While interesting from a biological point of view, this new classification raises methodological concerns. For if classification is based on either 100% dHGP or < 100% dHGP, assessment could be more susceptible to sampling and reading error. In order to validate HGPs as a histological biomarker, knowledge on HGP concordance within a single and amongst multiple metastases within the same patient is essential, especially considering the growing evidence of (non-)genetic intra-tumoural heterogeneity in CRC [23]. Knowledge on diagnostic accuracy and learnability of HGP assessment is also necessitated to determine the reliability and replicability of this histological biomarker. This study therefore analyses within and between metastasis HGP concordance within the same cohort as described by Galjart et al. [15], as well as an external validation cohort [24]. In addition, diagnostic accuracy is determined for scoring a single or multiple formalin-fixed paraffin-embedded (FFPE) tissue blocks per CRLM and for scoring a single or multiple CRLM per patient. Lastly, the learning curve associated with HGP assessment is determined in two observers (pathologist and PhD candidate) without prior experience in HGP assessment.

Methods

The current study was approved by the medical ethics committee of the Erasmus University Medical Center (MEC-2018-1743). The need for informed consent was waived by the ethics committee due to the retrospective and non-invasive nature of the study. Drafting of the manuscript was performed in accordance with the REMARK guidelines [25].

Patient selection

The patient selection for the current study was performed in the same cohort as described by Galjart et al. [15]. Patients undergoing resection of CRLM at the Erasmus MC Cancer Institute, the Netherlands, between January 2000 and March 2015 were eligible for inclusion.

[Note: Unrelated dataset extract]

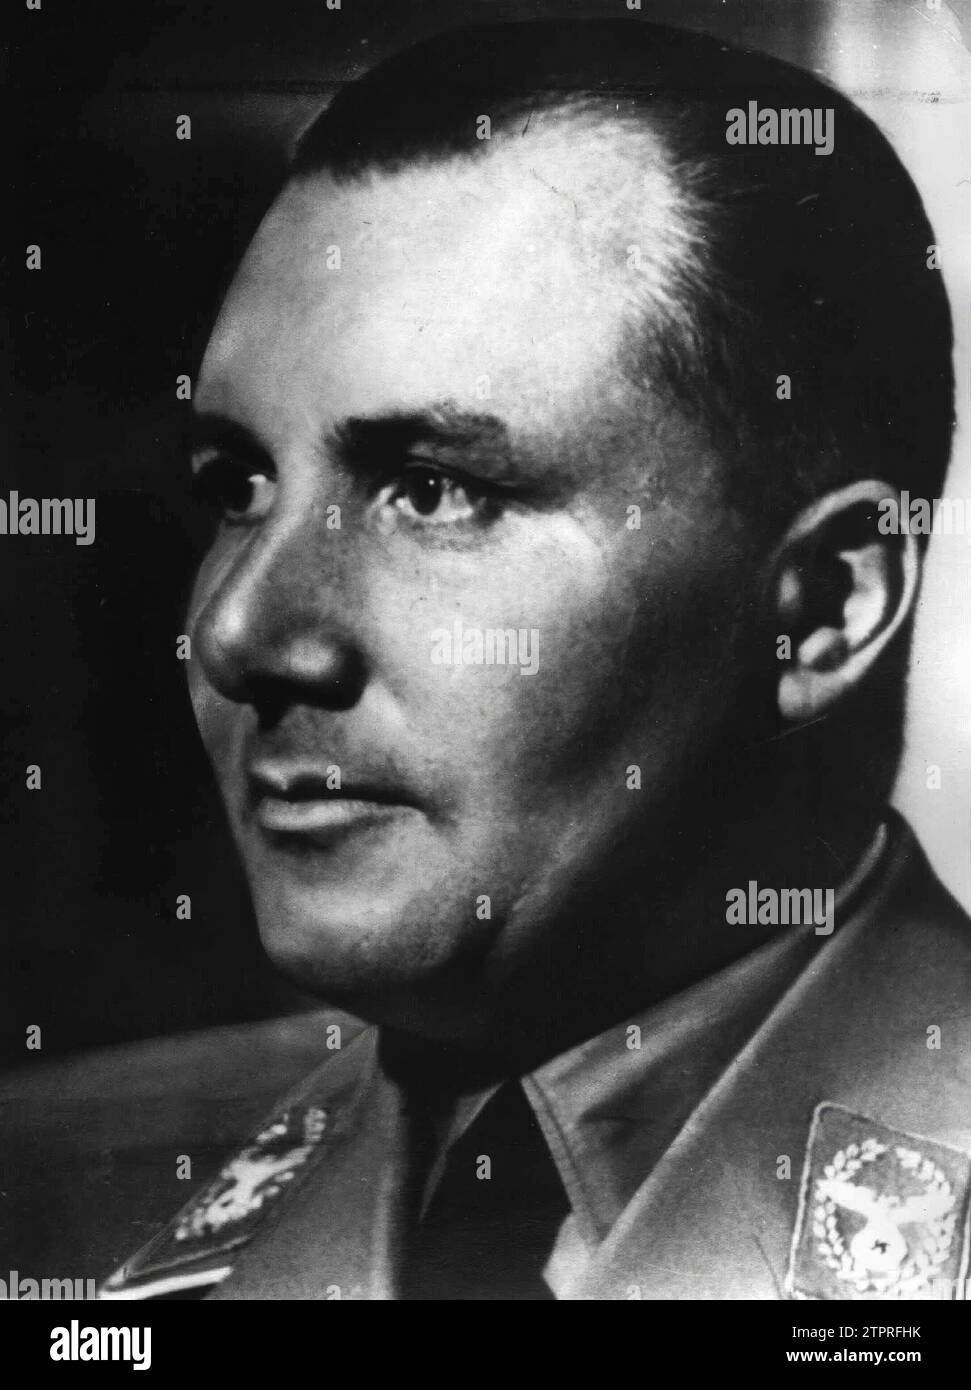 12/31/1939. Martin Bormann, prominent leader of Nazi Germany and personal secretary of Adolf Hitler. Credit: Album / Archivo ABC Stock Photo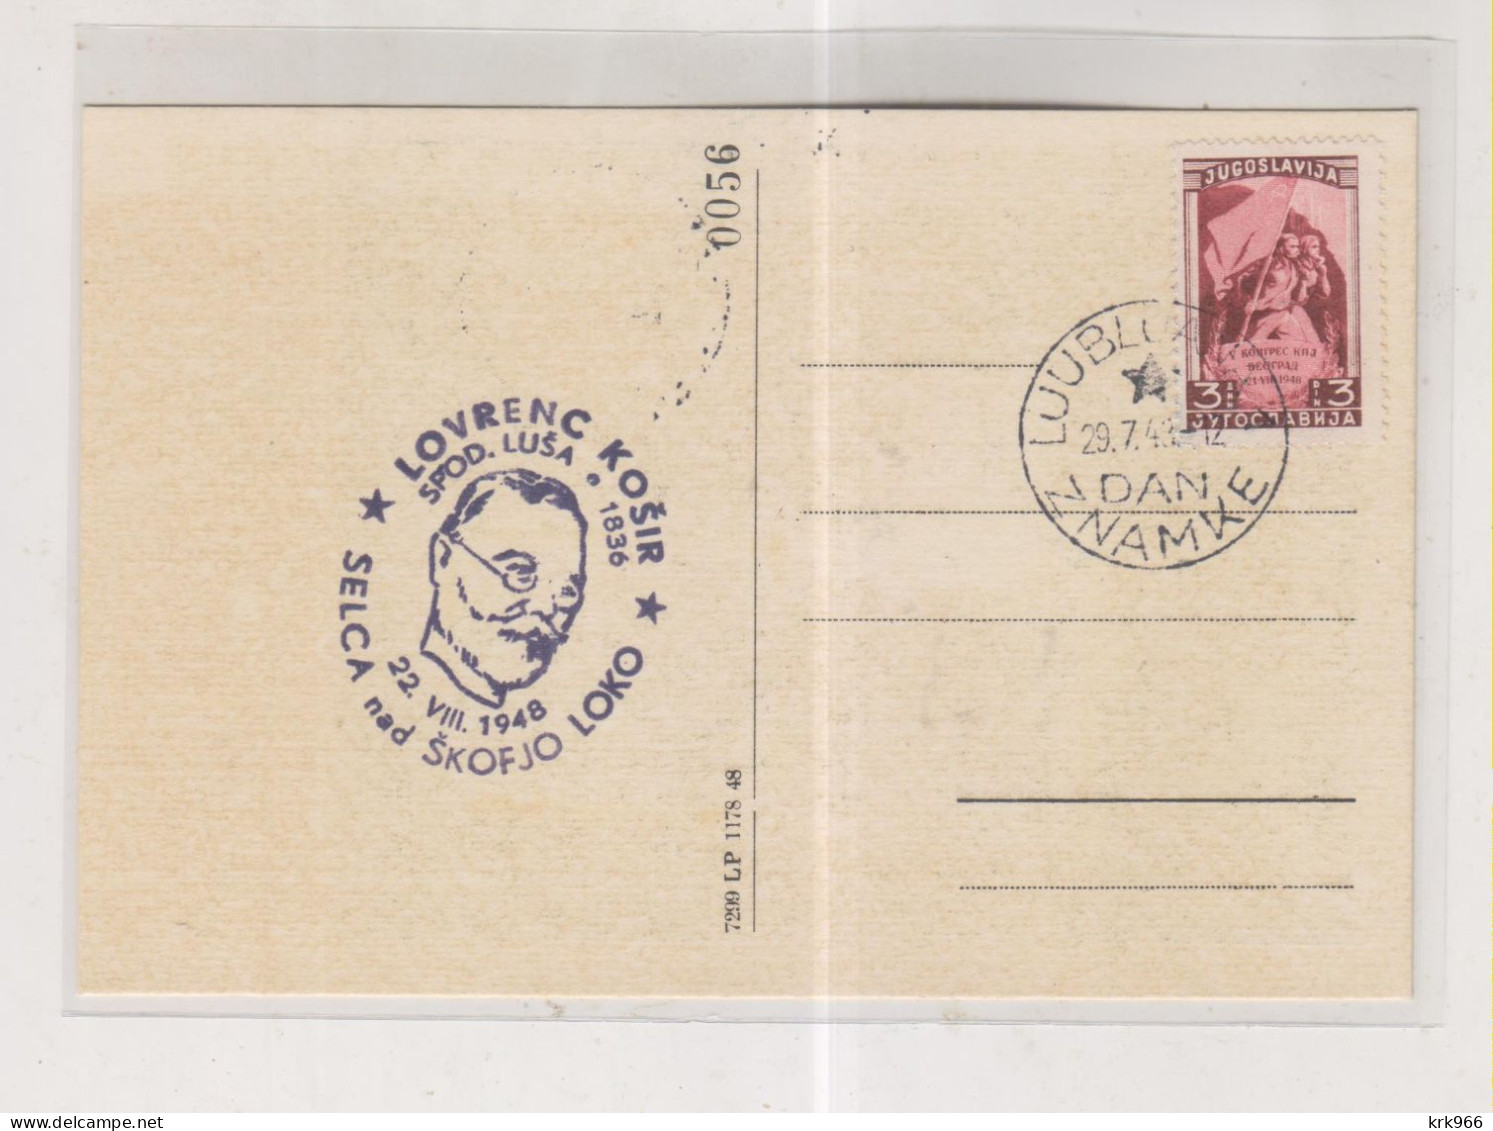 YUGOSLAVIA  KOSIR Nice Postcard - Covers & Documents

Routine pathological assessment

During macroscopic pathological assessment of the surgical specimens of resected CRLM, representative sections (e.g. tumour, tumour with relation to the surgical margin(s), capsule, background liver, non-tumorous liver in distance) were considered for preparation of FFPE tissue blocks. A 5 µm section per block was cut and stained with Haematoxylin and Eosin (H&E) for pathological interpretation. If needed, deeper levels of the block were cut and stained with H&E.

Assessment of HGPs

H&E stained slides retrieved from the archive of the Pathology Department of the Erasmus MC were retrospectively reviewed by light microscopy (Fig. 1a–f). Scoring of the HGPs was performed in accordance with international consensus guidelines [14]. For each block subjected to review the relative presence [in percentage (%)] at the tumour-liver interface of the distinct HGP’s (pushing, desmoplastic and replacement type) was estimated. The metastasis HGP was defined as the pooled estimate (average with equal weights per block) of all blocks of a single CRLM. Concordantly, the patient HGP was defined as the pooled estimate (average with equal weights per CRLM) of all resected CRLM within a single patient. Given recent findings [15], block, metastasis and patient HGP were classified as dHGP if only the desmoplastic type was observed (i.e. 100% dHGP), and as non-dHGP if any percentage of pushing and/or replacement type was observed (i.e. < 100% dHGP). Due to this on/off classification, if non-dHGP is observed on a single block, corresponding metastasis and patient HGP is classified as non-dHGP, regardless of the HGP of other blocks within the same metastasis or other CRLM within the same patient.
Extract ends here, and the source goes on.